The impact of diet on CVD and cancer has evolved substantially over the past few decades, initially relying on the findings of epidemiological and symptomatic evidence, to current methods of evaluating biomarkers to quantify dietary impact on health and disease [5, 6, 7]. The adherences to several healthy dietary patterns and non-communicable diseases outcomes are well reported in observational studies [8, 9, 10, 11, 12]. Among these, adherence to the Mediterranean diet (MedD) has been extensively studied in primary CVD prevention in healthy individuals and in individuals at an increased cardiometabolic risk [10, 11]. The results from these studies have been particularly promising, with positive outcomes reported for participants with different stages of CVD [10, 12, 13, 14, 15]. Similarly, results of a relatively recent meta-analysis indicate that healthy and predominately plant-based dietary patterns (in comparison to Western-style dietary patterns) may decrease the risk of various types of cancer (i.e., colorectal) [16]. In addition to high-quality dietary pattern adherences, recent discussions have also arisen regarding the role of hypocaloric diets (i.e., calorie restriction) and further novelties in nutrition epidemiology implying the benefits of fasting on potential suppressions in onset of both CVD and cancer.

Therefore, the aim of this brief narrative review is to collate the latest evidence and discuss the role of diet on two major non-communicable diseases, namely CVD and cancer. Furthermore, we aim to present the evidence from the hitherto literature regarding isocaloric healthy dietary patterns as well as typical hypocaloric diets or diets that follow the scheme of intermittent fasting.

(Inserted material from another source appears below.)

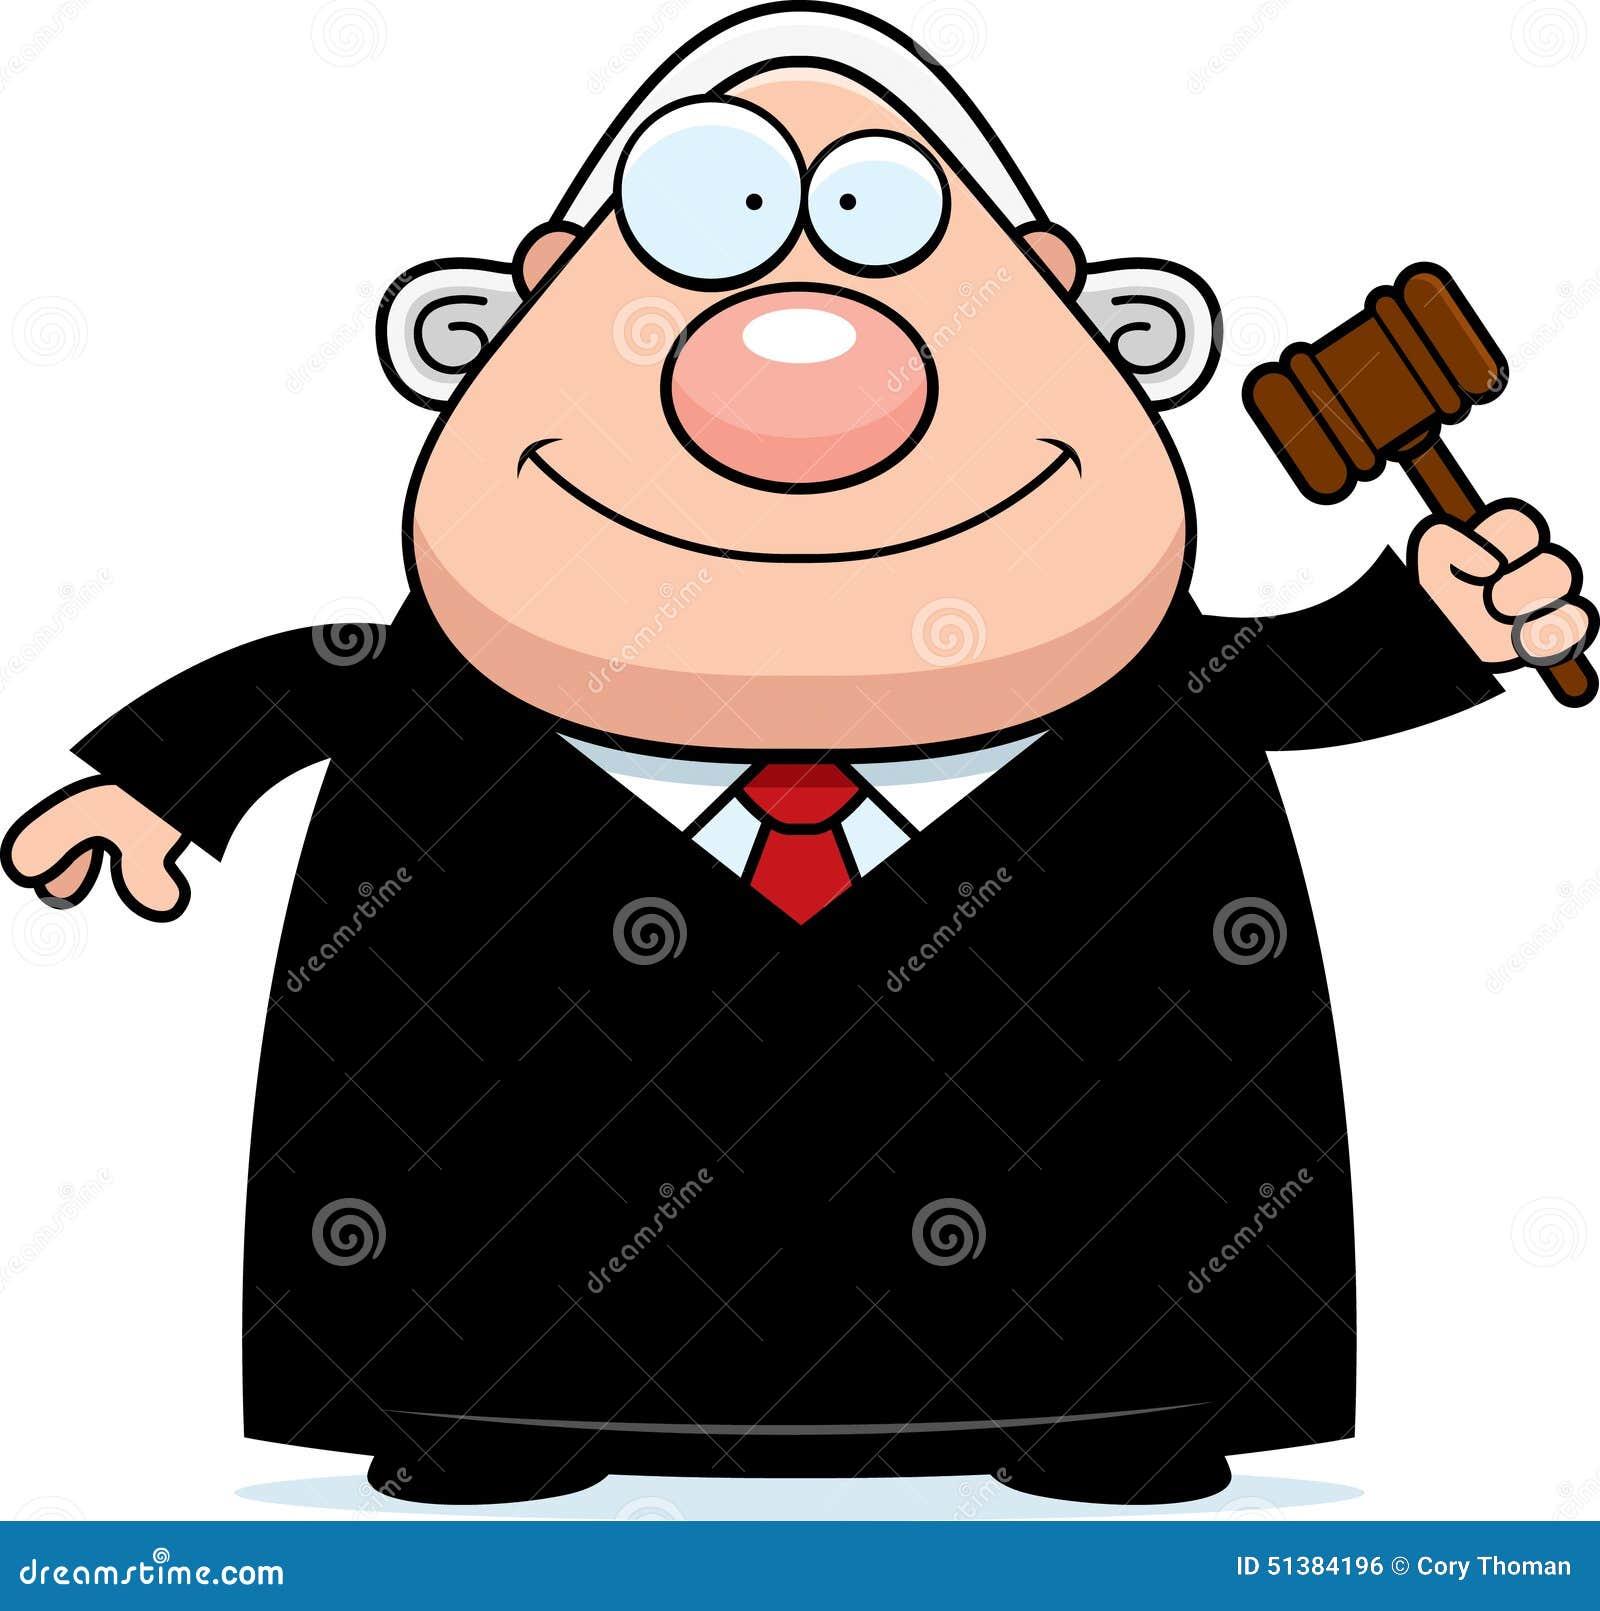 Cartoon Judge Gavel Stock Vector - Image: 51384196

The global prevalence of adolescent obesity has doubled since the 1980’s, with over 23% of the global adolescent population considered obese [17]. Furthermore, very few cases occur as a result of syndromic obesity and the most significant cause of this increase is mainly due to modifiable factors such as societal alterations in food (high energy density, food processing and food availability) contributing to over-nutrition [17]. In addition, obese adolescents will continue to be obese in their adult years contributing further to the development, progression and sustenance of cardiometabolic diseases and various forms of cancer. Therefore, the optimal time to instil dietary and lifestyle changes to prevent development of cardiometabolic disease is between the ages of 7 and the onset of puberty [17].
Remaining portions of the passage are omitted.